Choibalsan

Choibalsan

[The pages of this journal were found by a tourist near the border of Omnogobi (South Gobi) and Dundgobi (Middle Gobi) provinces in Mongolia. They appear to have been torn out of a standard composition notebook. The text is translated by Edgar Johnson, professor of Central Asian Studies at CUNY. -Ed.]

from Bulgan soum. One of them had a little boy, and brought a jar of buuz1 to give him. The father tried his best to make the buuz sound exciting. He took the top off of the jar and gave it a huge sniff and said “Delicious!” I don’t know how he did it. I could smell the buuz from where I was standing. The little boy ate one and then started picking at his mother’s tsoivan. The father was unhappy about buying another plate to serve his son, but Father did his trick of pretending to offer the plate for free; the man paid, as they always do.

Afterwards Father opened a bottle of vodka and shared it with the men. They toasted Batmönkh2, Sodnom, Mongolia and the Party until the bottle was dry and the men said it was time to go on. Akhaa3 whispered to me, “I wonder if they know which revolution they are toasting.” I told him to be quiet and began to wash dishes. I hoped they wouldn’t talk about it again, and they didn’t. When Father came back from seeing the travelers off he had Bankhar with him. He said that he thought a few animals might die tonight in the cold, and he didn’t want Bankhar to be one of them. It would be hard to find a good guard dog in wintertime. Then Father opened another bottle and he and Akhaa began to drink it. They talked about the cold and the animals and the travelers, and Akhaa told a story about Ulaanbaatar and Father told a story about Moscow, and they were still drinking and talking when Egchee and I went to sleep. Bankhar is sleeping next to my bed, as he always does.

35143 February 1990

Without travelers coming there really isn’t much to do. The ger4 is unbelievably clean. I even took the slats out of the cabinet to clean in the grooves. Only five animals have died so far, and Father and Akhaa both agree that they were going to die regardless of the weather. I’m very proud of us for building the shelter last summer. The old one is crumbling, just as Akhaa said it would. At school there were fewer boys this week, as they were trying to save their animals. Father said that they should be punished for not thinking ahead, for damaging the Revolution; Akhaa joked that the dead animals clearly weren’t good proletarians. And so it always starts again. It’s been so much worse since the incidences in Ulaanbaatar began. If Akhaa was still in the City, would he be out there, too? I wonder if even he knows for sure.
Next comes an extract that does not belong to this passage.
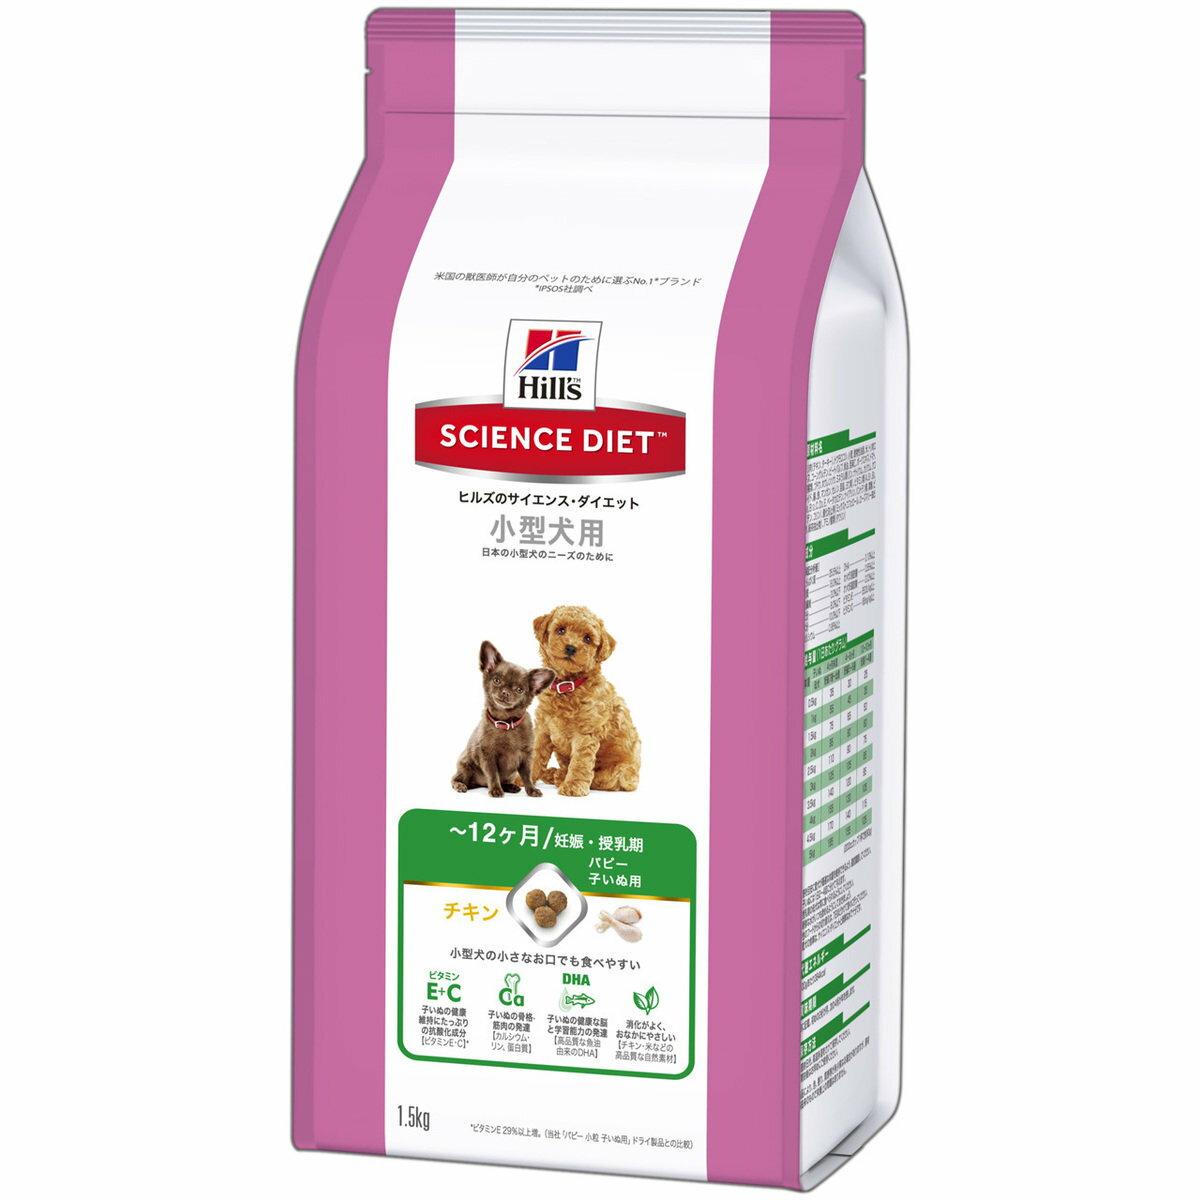 【お取寄せ品】サイエンスダイエット 小型犬用 パピー 12カ月まで/妊娠・授乳期 チキン 子犬・母犬用 1.5kg【送料無料】

Comrade Tuvshinbayar came to visit today. He is traveling the soum5 to talk to people and assure them that the disturbances in the City are under control. Even Akhaa knows better than to disrespect Tuvshinbayar. Father insisted that he stay for lunch, and Comrade said he would have stayed whether we invited him or not. Then he told a story about his son’s wife. “I took one bite of her buuz and bit something hard. I thought, ‘Did she leave a bone in here?’ Then I took it out. What was it? It was a nail! Now, her grandfather was at Khalkhyn Gol6, and her father worked under Tsedenbal7 and Batmönkh, so I know she’s a good Communist, not one of these troublemakers in the City. I know she wasn’t trying to kill me. But if she isn’t an assassin or a Western agent, what is she then? A bad cook! But I didn’t want to hurt her feelings, so do you know what I said? What could I say? I said, ‘I was looking for this nail!'”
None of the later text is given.